Activity: Write out the entire listing below exactly as it appears, minus any pictures.
BEGIN Given data
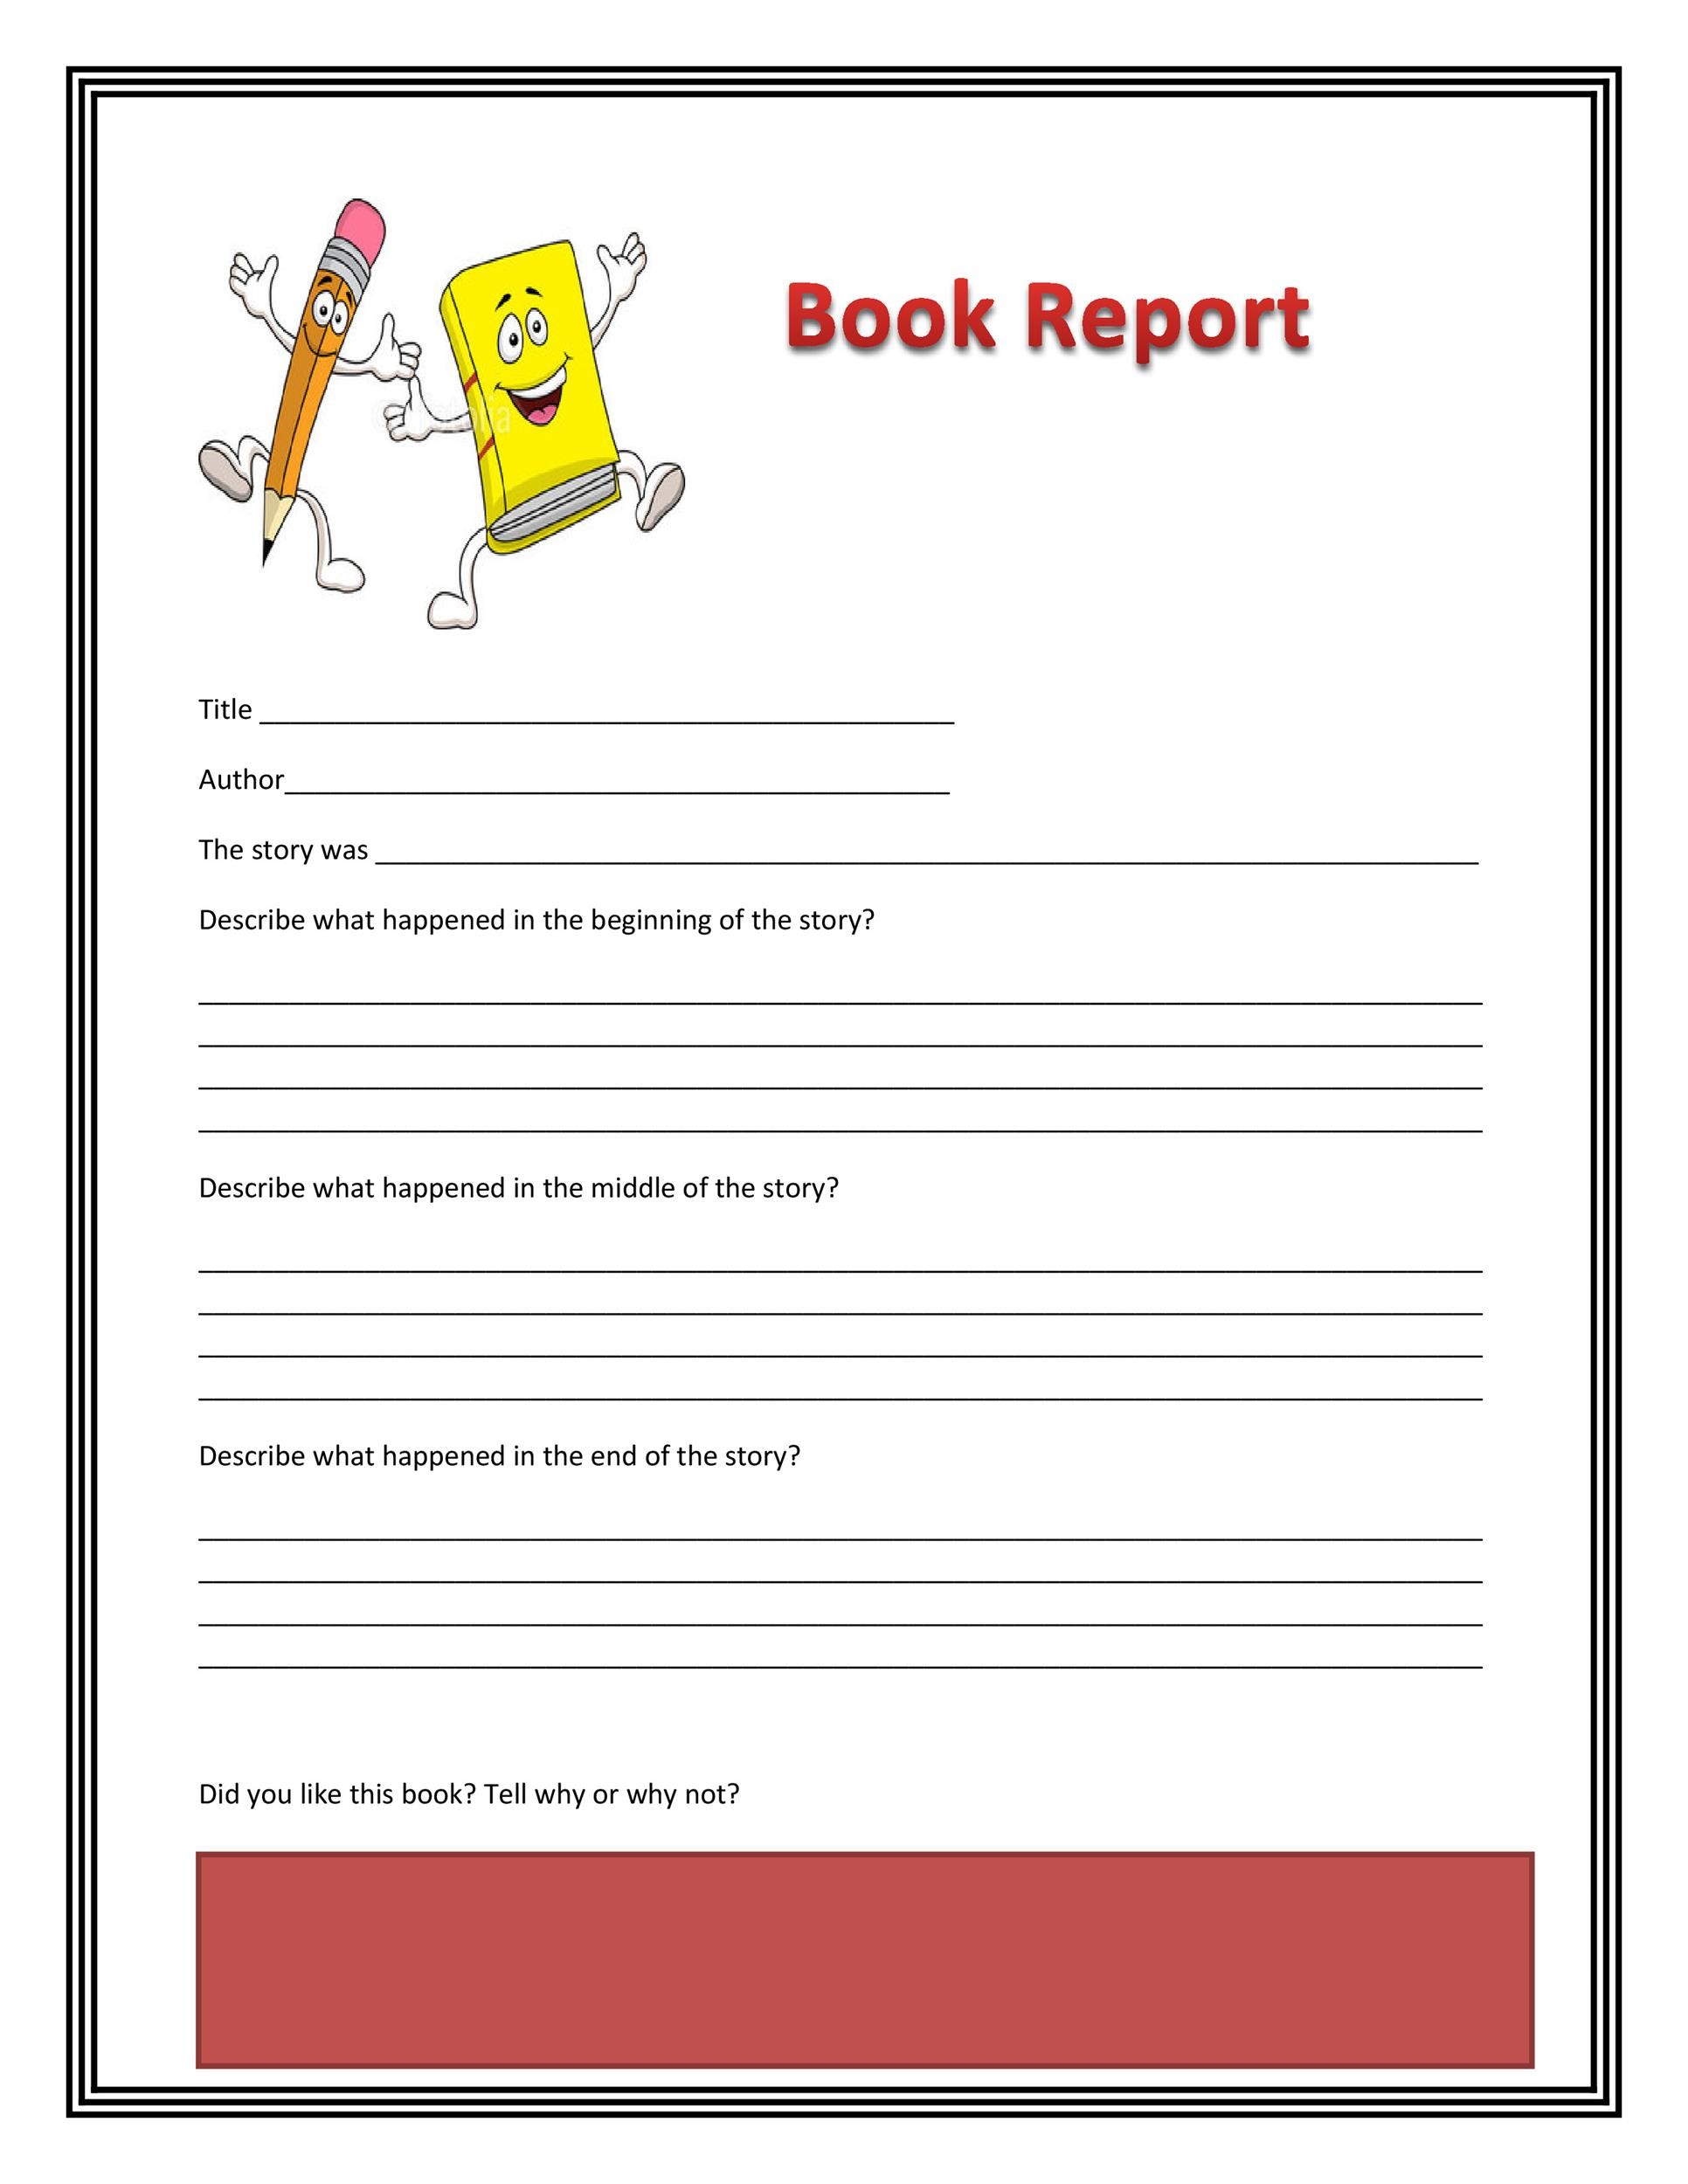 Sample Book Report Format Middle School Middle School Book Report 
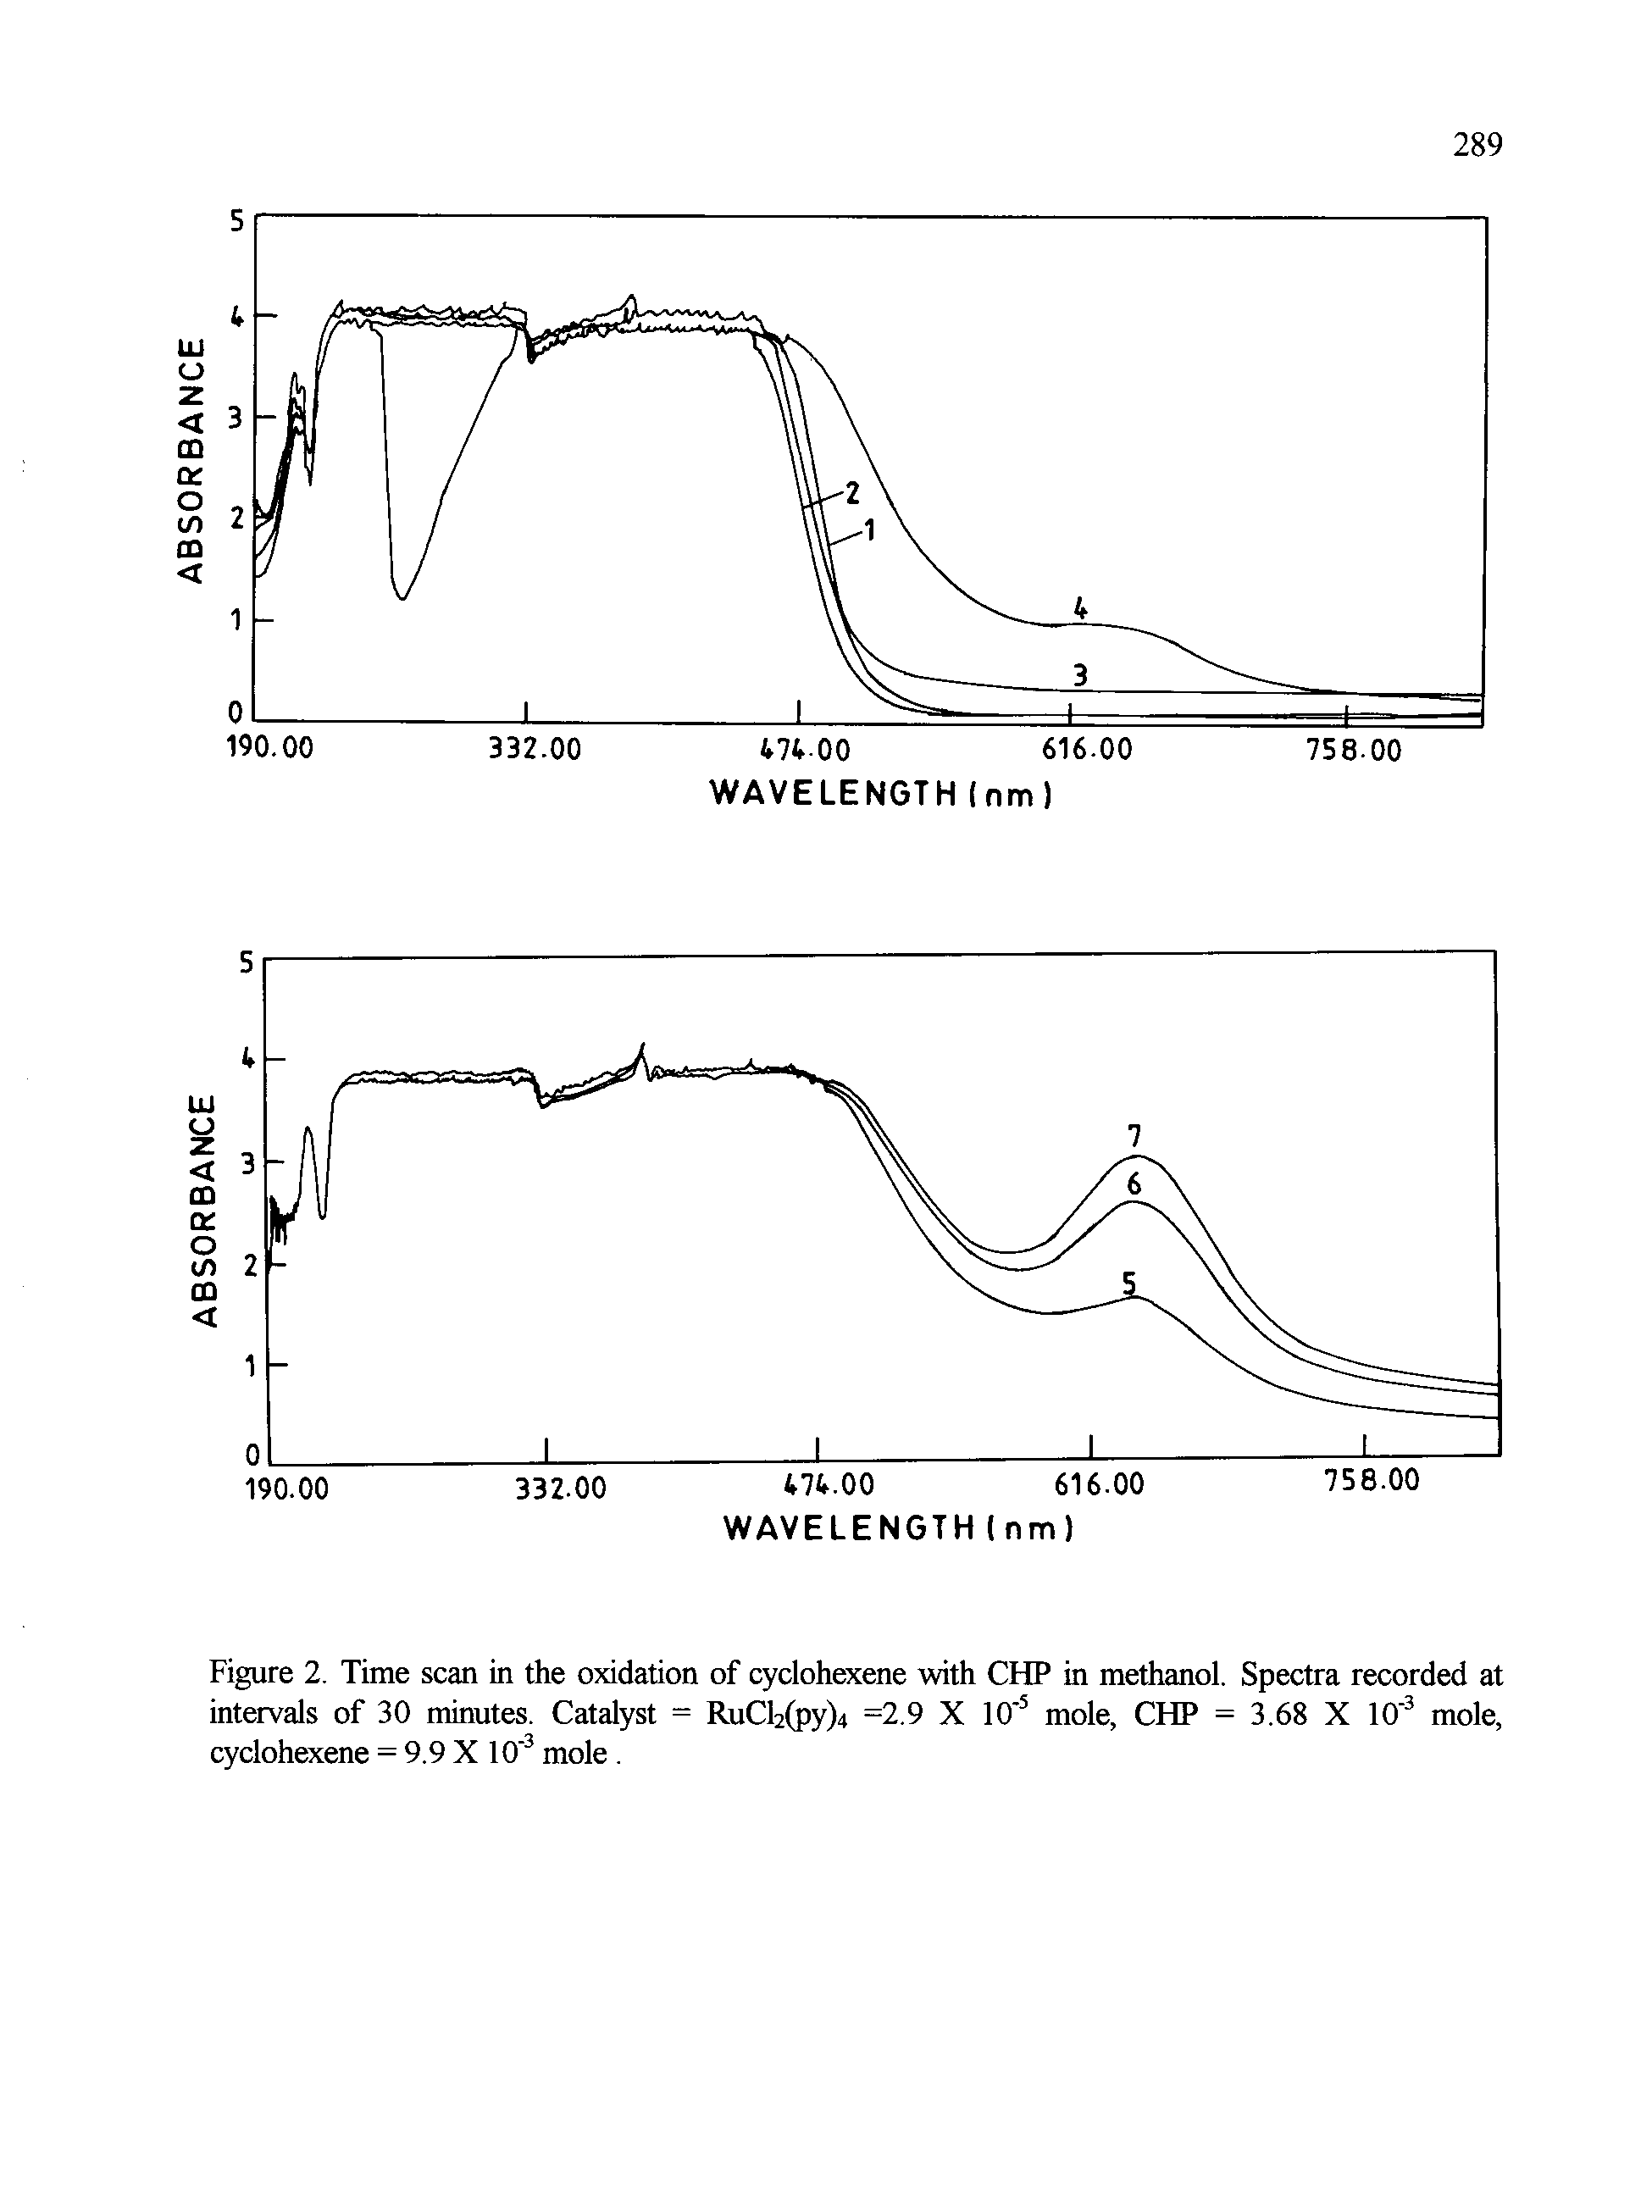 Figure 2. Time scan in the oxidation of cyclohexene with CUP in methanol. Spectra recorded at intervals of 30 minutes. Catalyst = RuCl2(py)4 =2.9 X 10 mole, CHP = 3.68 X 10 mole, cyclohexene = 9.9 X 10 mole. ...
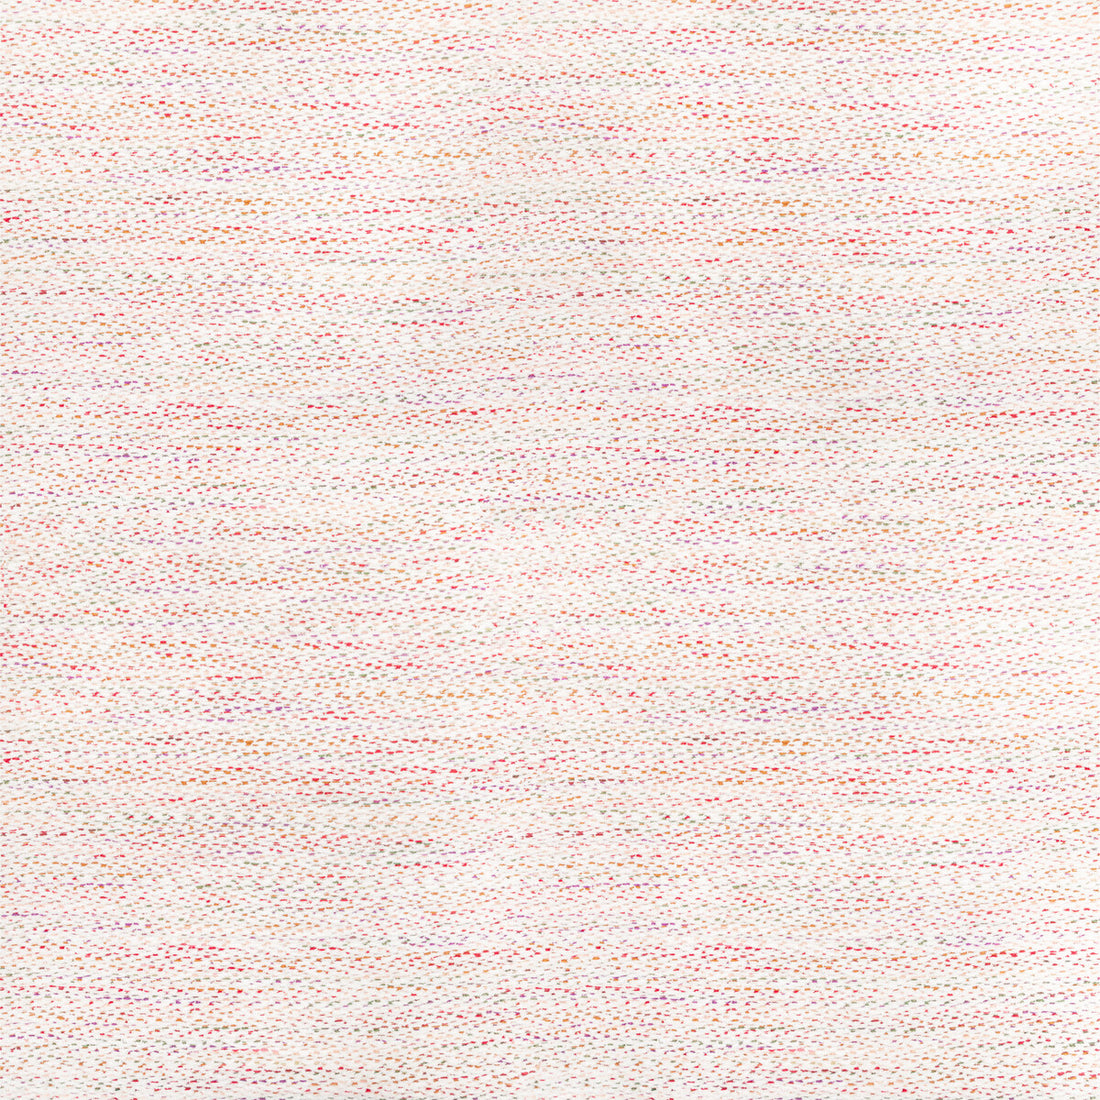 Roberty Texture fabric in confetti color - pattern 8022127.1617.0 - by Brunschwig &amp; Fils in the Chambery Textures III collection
END Given data
Output of the exercise:
 Sample Book Report Format Middle School Middle School Book Report 
 Figure 2. Time scan in the oxidation of cyclohexene with CUP in methanol. Spectra recorded at intervals of 30 minutes. Catalyst = RuCl2(py)4 =2.9 X 10 mole, CHP = 3.68 X 10 mole, cyclohexene = 9.9 X 10 mole. ...
 Roberty Texture fabric in confetti color - pattern 8022127.1617.0 - by Brunschwig &amp; Fils in the Chambery Textures III collection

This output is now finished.